In this project, pixel-wise comparison between two input images is performed and differences are displayed as numerical parameters. This project is basically divided into two parts:
- Pre-processing - In which steps like greyscale conversion, maintaining uniform dimensions are perfomed.
- Compare function - Here the actual comparison between two images takes place which uses skimage's Structual Similarity Index, Mean square Error and Histogramical difference.
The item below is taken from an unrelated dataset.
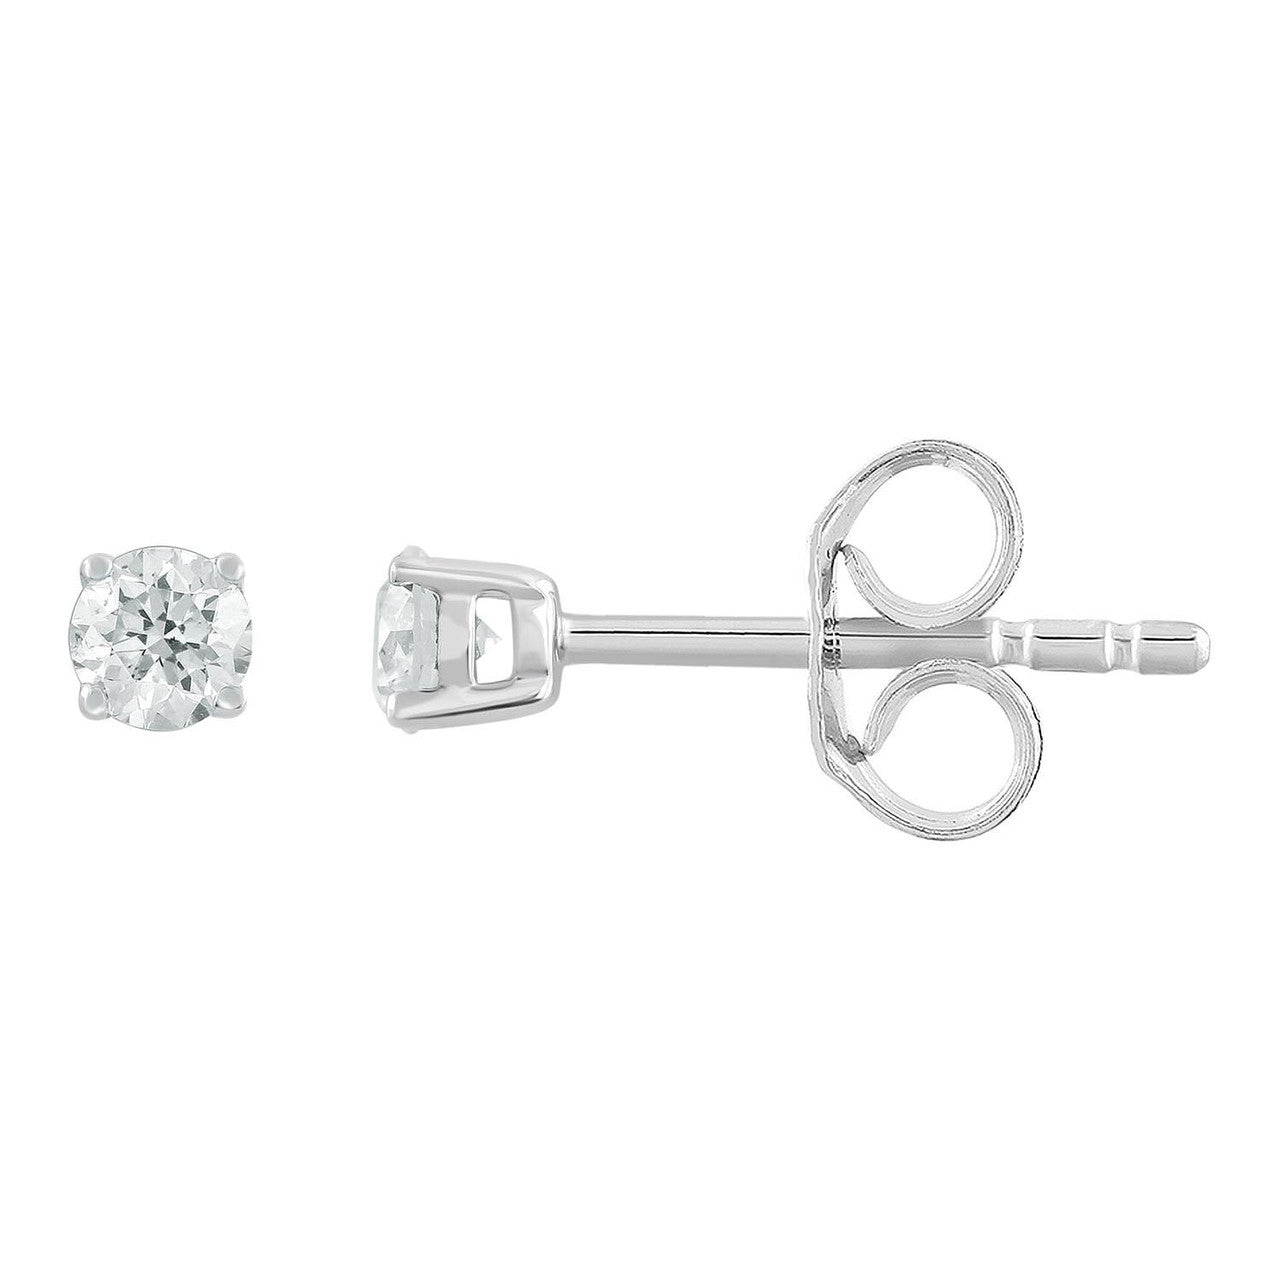 Ice Jewellery Stud Earrings with 0.15ct Diamonds in 9K White Gold - IGE-13911A-015-W | Ice Jewellery Australia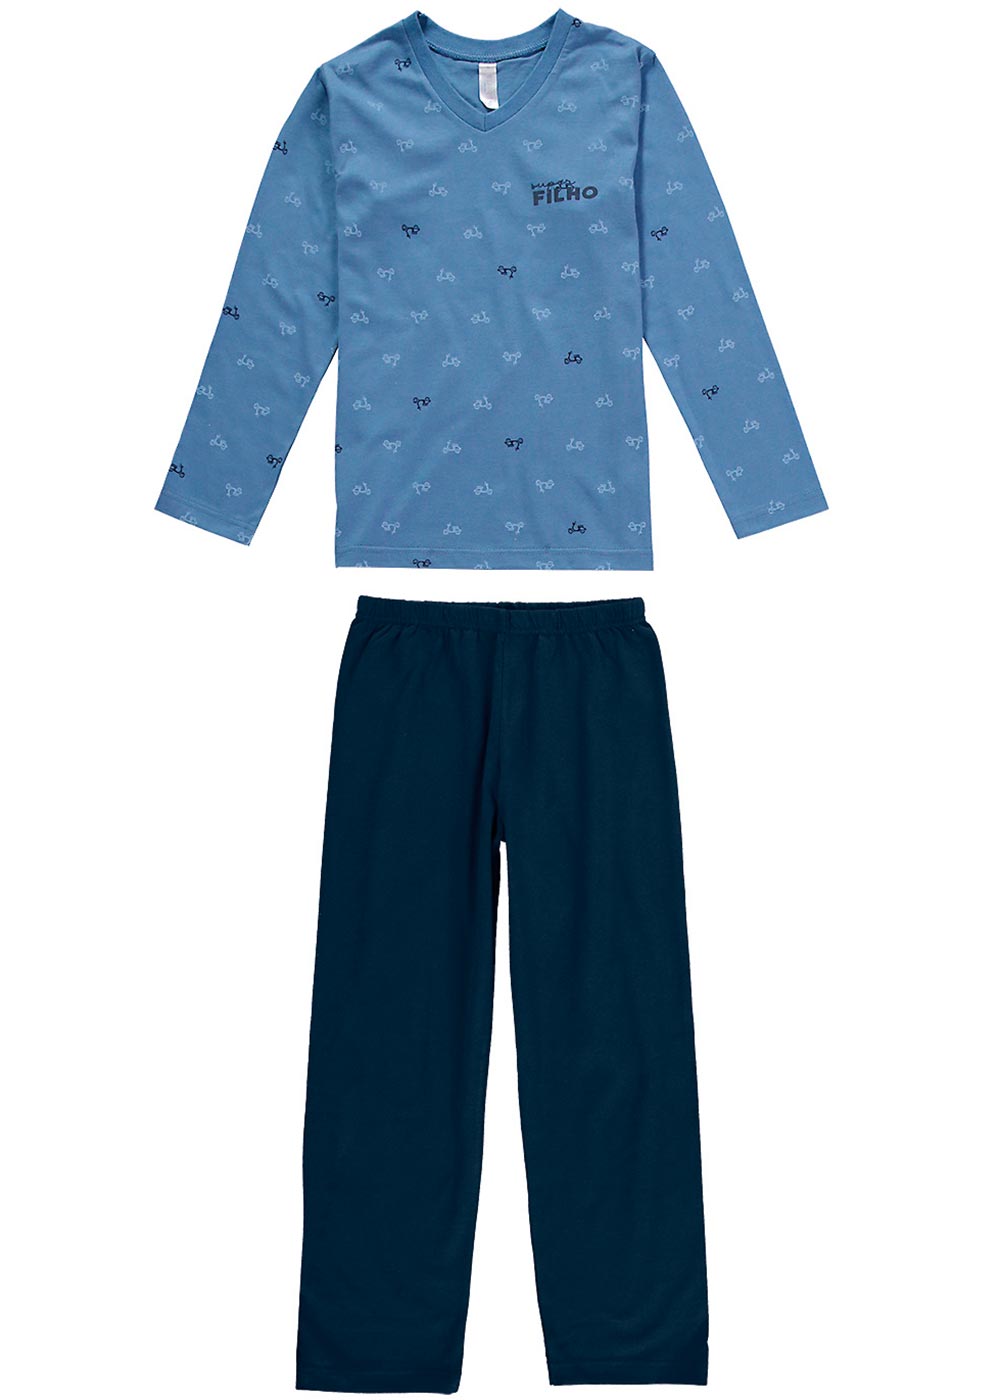 Pijama Infantil Masculino Inverno Azul Super Filho - Malwee

This project is created with the help of:
- Numpy
- Scikit Image
- OpenCV
To use it, you require the following:
1. Python3
2. Pip
Once you got the requisites on your machine, for a UNIX based system executing the following command to install the required libraries:
make init
source .venv/bin/activate
OR executing the following command will install all the required libraries for you:
$ pip install -r requirements.txt
To run the project, you can directly run the compare_img.py
file and provide the directory path for both the images.
$ python3 compare_img.py DIR_PATH_IMG1 DIR_PATH_IMG2
Example:
$ python3 compare_img.py ./images/img1.jpg ./images/img2.jpg
Note: The image path can be a raw url as well.
Example:
$ python3 compare_img.py https://raw.githubusercontent.com/SiddhanthNB/Automation-scripts/main/compare_img/images/img1.jpg https://raw.githubusercontent.com/SiddhanthNB/Automation-scripts/main/compare_img/images/img2.jpg
After running the script, you will find the output as
SSI value is (some value)
MSE value is (some value)
Histogram difference is (some value)
- Here SSI value ranges from
-1
to1
, where1
implies both images being completely same(which happens when same image is loaded twice). - MSE value is the mean square difference between each pixel loaction in both the both the images, typically for same image loaded twice the value should be
0
. - Histogram difference shows the intensity-level difference between the two images, which tends be very small, nevertheless shows the difference.